Biology:Postsynaptic density
| Postsynaptic density | |
|---|---|
 Ultra-structural analysis of synapses in the brainstem of wild-type (WT)mice at embryonic day 18.5. Synapses of WT neurons in the pre-Bötzinger-complex area exhibit presynaptic vesicles (asterisks), a synaptic cleft and a distinct postsynaptic density (arrowheads). Scale bar, 250 nm. From Heupel et al., 2008 | |
| Details | |
| System | Nervous system |
| Identifiers | |
| Latin | densitas postsynaptica |
| Anatomical terms of neuroanatomy | |
The postsynaptic density (PSD) is a protein dense specialization attached to the postsynaptic membrane. PSDs were originally identified by electron microscopy as an electron-dense region at the membrane of a postsynaptic neuron. The PSD is in close apposition to the presynaptic active zone and ensures that receptors are in close proximity to presynaptic neurotransmitter release sites.[1] PSDs vary in size and composition among brain regions, and have been studied in great detail at glutamatergic synapses. Hundreds of proteins have been identified in the postsynaptic density, including glutamate receptors, scaffold proteins, and many signaling molecules.
Structure
The structure and composition of the PSD have been the focus of numerous molecular studies of synaptic plasticity, a cellular model of learning and memory. PSDs are sized on the order of 250 to 500 nanometres in diameter and 25 to 50 nanometres in thickness, depending on the activity state of the synapse. During synaptic plasticity, the total size of the PSD is increasing along with an increase in synaptic size and strength after inducing long-term potentiation at single synapses.[2]
Composition
Many proteins in the PSD are involved in the regulation of synaptic function. These include
- postsynaptic density-95 (PSD95)[3]
- neuroligin (a cellular adhesion molecule)

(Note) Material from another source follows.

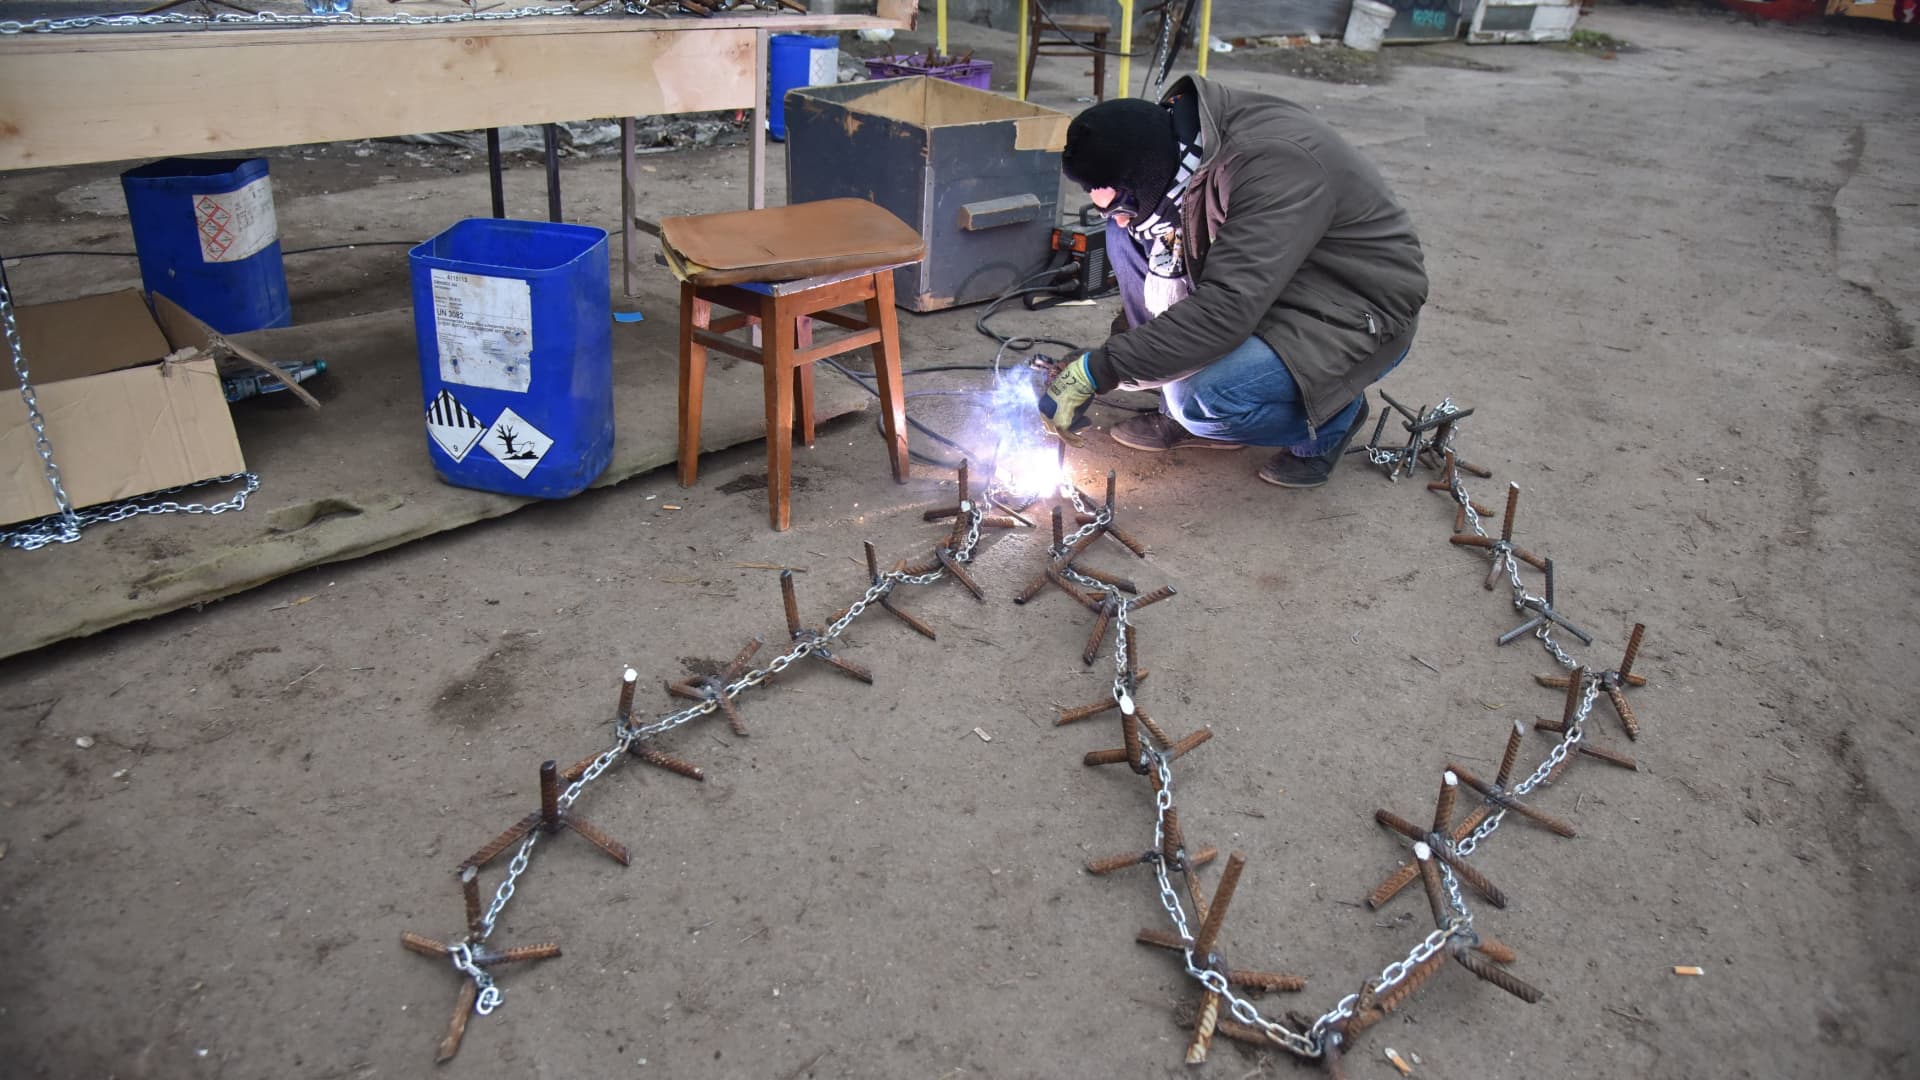 A volunteer welds an anti-vehicle obstacle during Ukraine-Russia conflict in Lviv, Ukraine March 5, 2022.

- NMDA receptors, AMPA receptors
- calcium/calmodulin-dependent protein kinase II
- actin
As protein detection technologies have increased in sensitivity, such as with improvements in mass spectrometry techniques, more numerous proteins have been attributed to the PSD. Current estimates are greater than several hundred proteins are found at PSDs among brain regions and during different states of development and synaptic activity. PSDs also contain cell adhesion molecules and a diverse set of other signaling proteins. Many of the PSD proteins contain PDZ domains.[3]
Function
The PSD has been proposed to concentrate and organize neurotransmitter receptors in the synaptic cleft.[1] The PSD also serves as a signaling apparatus. For instance kinases and phosphatases in the PSD are activated and released from the PSD to change the activity of proteins located in the spine or are transported to the nucleus to affect protein synthesis. Some of the features of the PSD are similar to the neuromuscular junction and other cellular junctions, as the PSD has been modeled as a specialized cellular junction that allows for rapid, asymmetrical signaling.
References
- ↑ 1.0 1.1 Sweatt, J. D. (2008-01-01), Byrne, John H., ed., "4.20 - The NMDA Receptor" (in en), Learning and Memory: A Comprehensive Reference (Oxford: Academic Press): pp. 409–426, doi:10.1016/b978-012370509-9.00020-6, ISBN 978-0-12-370509-9, http://www.sciencedirect.com/science/article/pii/B9780123705099000206, retrieved 2020-12-23
- ↑ Meyer, D.; Bonhoeffer T.; Scheuss V. (2014). "Balance and Stability of Synaptic Structures during Synaptic Plasticity". Neuron 82 (2): 430–443. doi:10.1016/j.neuron.2014.02.031. PMID 24742464.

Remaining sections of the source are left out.